En 2005, cuando asume la izquierda, casi quiebra Pluna. ¿Allí se debió tomar la misma decisión?
No estábamos preparados todavía, porque estoy hablando de una evolución mental de la sociedad uruguaya. El tema aéreo le importa al 1% de la población. Nosotros no solo tuvimos el problema de Pluna. Acá se olvidan que Iberia toma la decisión de no volar más directo Montevideo-Madrid en el mismo momento casi que ocurría todo, se nos vino la noche. ¿Y qué hicimos? Gobernamos con las condiciones que teníamos. Nos unimos con el sector privado, en este caso el aeropuerto de Carrasco, con el Ministerio de Turismo, en algunas ocasiones el Ministerio de Economía, ANCAP y salimos a buscar.

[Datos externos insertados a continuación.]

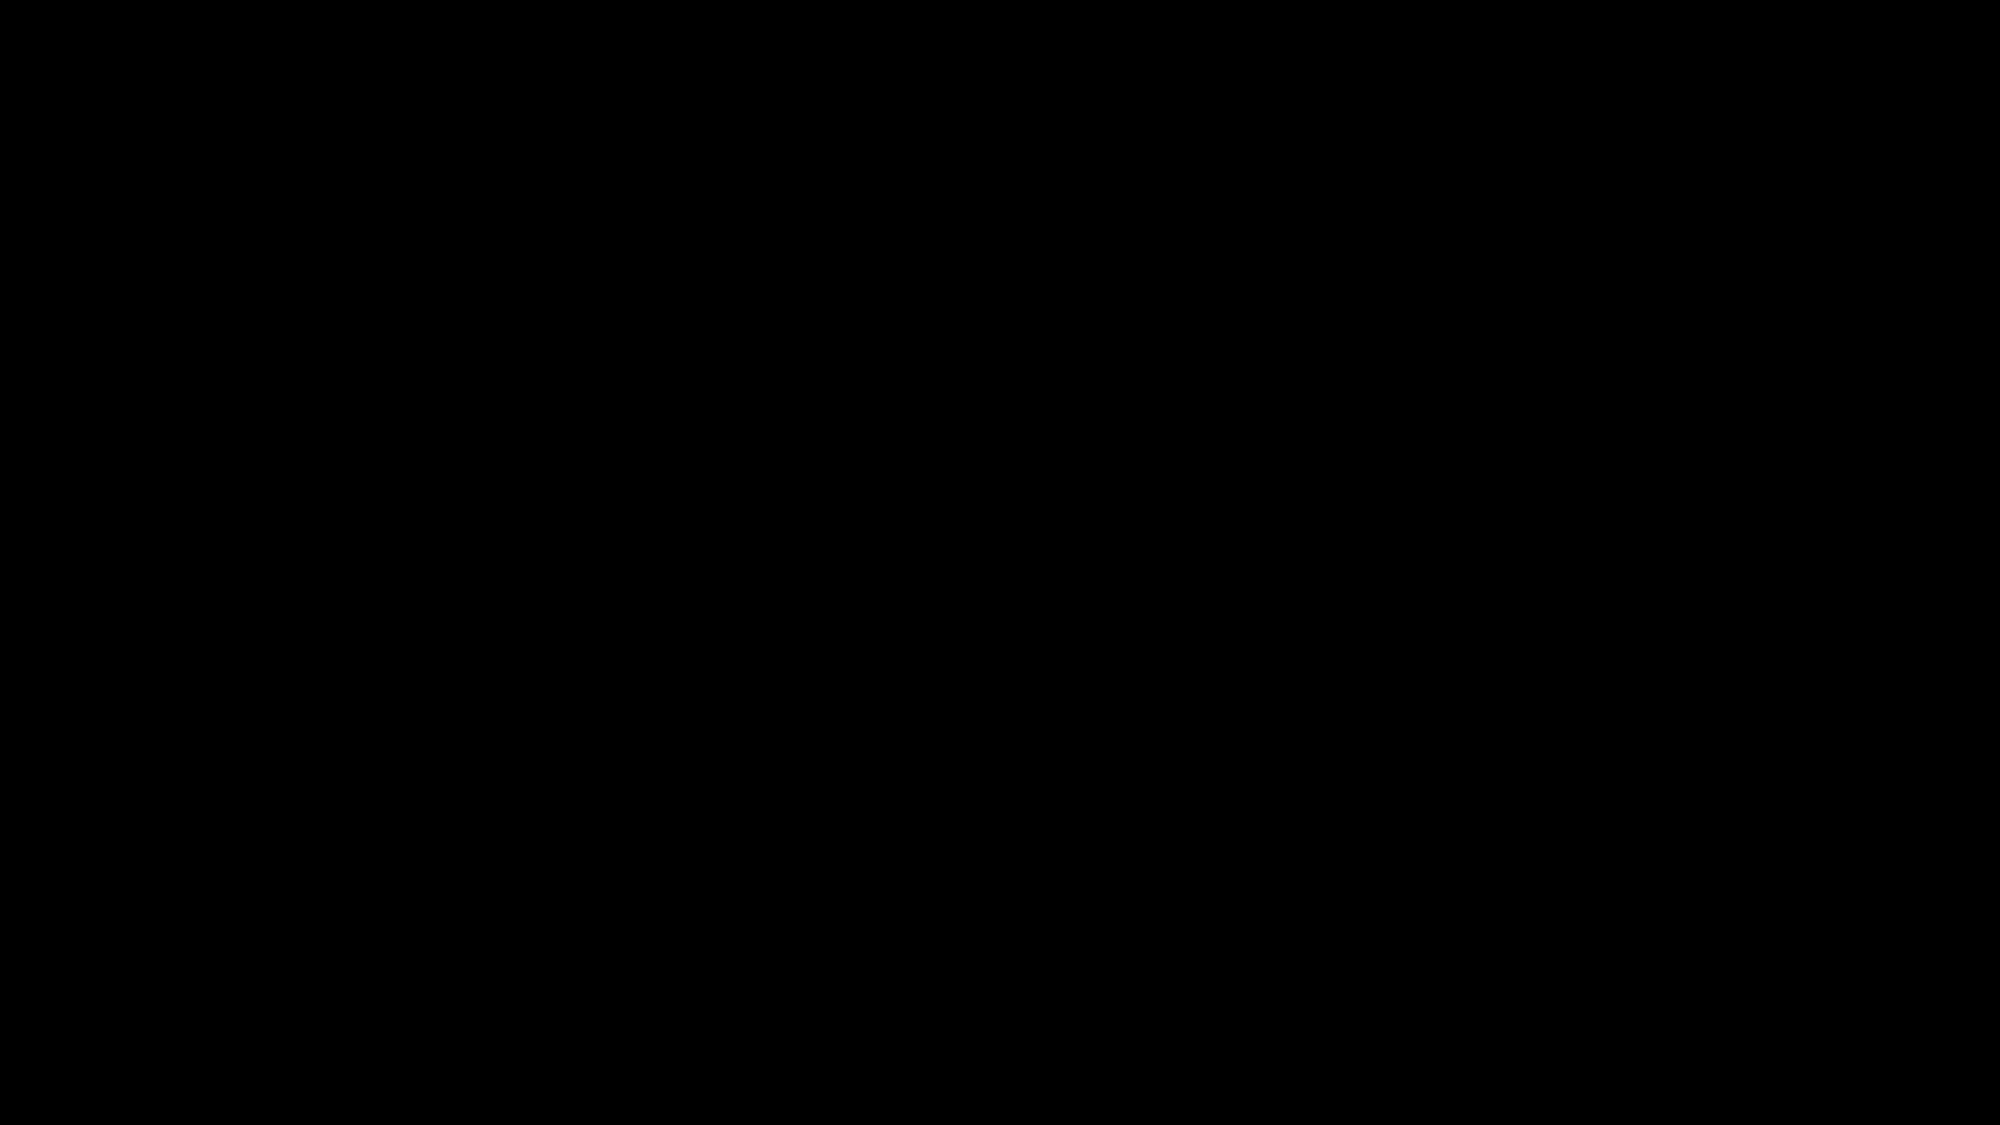 รีวิว Fresh F56-V2 พาวเวอร์แบงค์ความจุ 16000 mAh ขนาดพกพา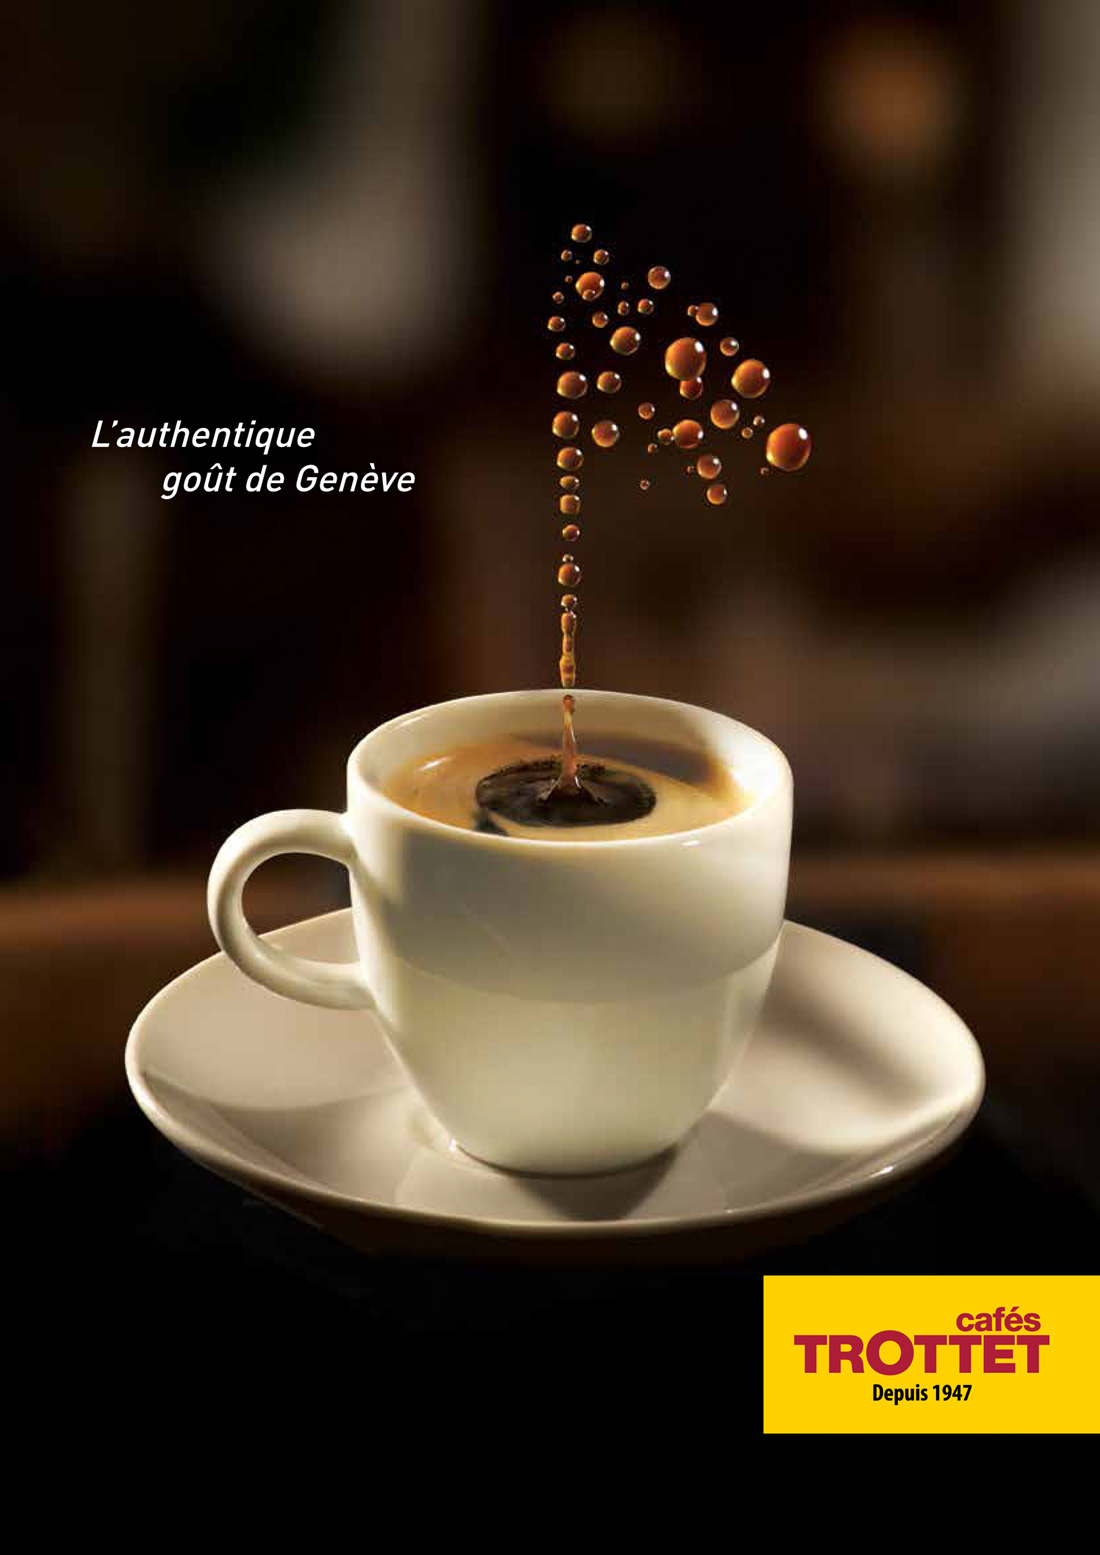 Cafés Trottet

Si la cuestión aeronáutica preocupa al 1% de la población por qué este tema ha generado una polémica pública tan grande? ¿Eso, cómo lo hace sentir como gobernante?
Gobernar no es una pradera llena de facilidades, es una gran carrera de obstáculos. Es apasionante y adictivo a la vez. Yo provengo del ámbito político y sé que cada error, que cada decisión, va a ser apoyada o cuestionada, según el lado del que se esté. Por parte de la oposición, se va a amplificar todo lo que se ve como negativo y se va a minimizar todo lo positivo. De parte del Frente Amplio todo lo contrario. Es parte de las reglas de juego democrático. Por lo tanto no hay decepciones personales en esto.

La contratación del abogado Ricardo Olivera fue polémica. ¿Quién eligió a Olivera y por qué?
Olivera es un abogado de prestigio. Es uno de los que conoce más de concursos en Uruguay. Se le pidieron los servicios a él como se los pudieron haber pedido a otro. Yo me crié en el barrio donde jugábamos los de arriba contra los de abajo y si se armaba una, era cuestión de estar espalda con espalda. Cuando la decisión se toma colectivamente, no importa quién tuvo la posición inicialmente. De quién fue la idea, de si estuvimos a favor o en contra, para nosotros es irrelevante. Después de que tomamos la decisión y la asumimos, la asumimos colectivamente. Y el Poder Ejecutivo tomó la resolución de contratar al que se consideraba el mejor profesional.
Y ahora que pasó todo lo que pasó, ¿qué opinión tiene del trabajo que realizó?
No voy a hacer una evaluación del trabajo porque, entre otras cosas, hubo una evaluación del presidente, y yo no opino sobre las opiniones del presidente.

El semanario Búsqueda informó la semana pasada que usted planteó al presidente la renuncia, ¿por qué?
Yo lo llamé y le plantee como presidente y como amigo que dispusiera de lo que él entendiera más conveniente para mí. Si él entendía que teníamos que renunciar, íbamos a renunciar. Si entendía que teníamos que hacer otra cosa, íbamos a hacer otra cosa. Y el presidente nos respondió que nos respalda en lo que hicimos. Eso fue el viernes de mañana, inmediatamente después de que me entero de que había habido un fallo.

¿Qué le contestó el presidente?
Que él quería seguir dando la pelea, que nos apoyaba totalmente, que me transmitía el apoyo. Y ahí le volví a reiterar que tenía el deber moral y ético de plantarle estar cosas, si no yo no iba a estar tranquilo.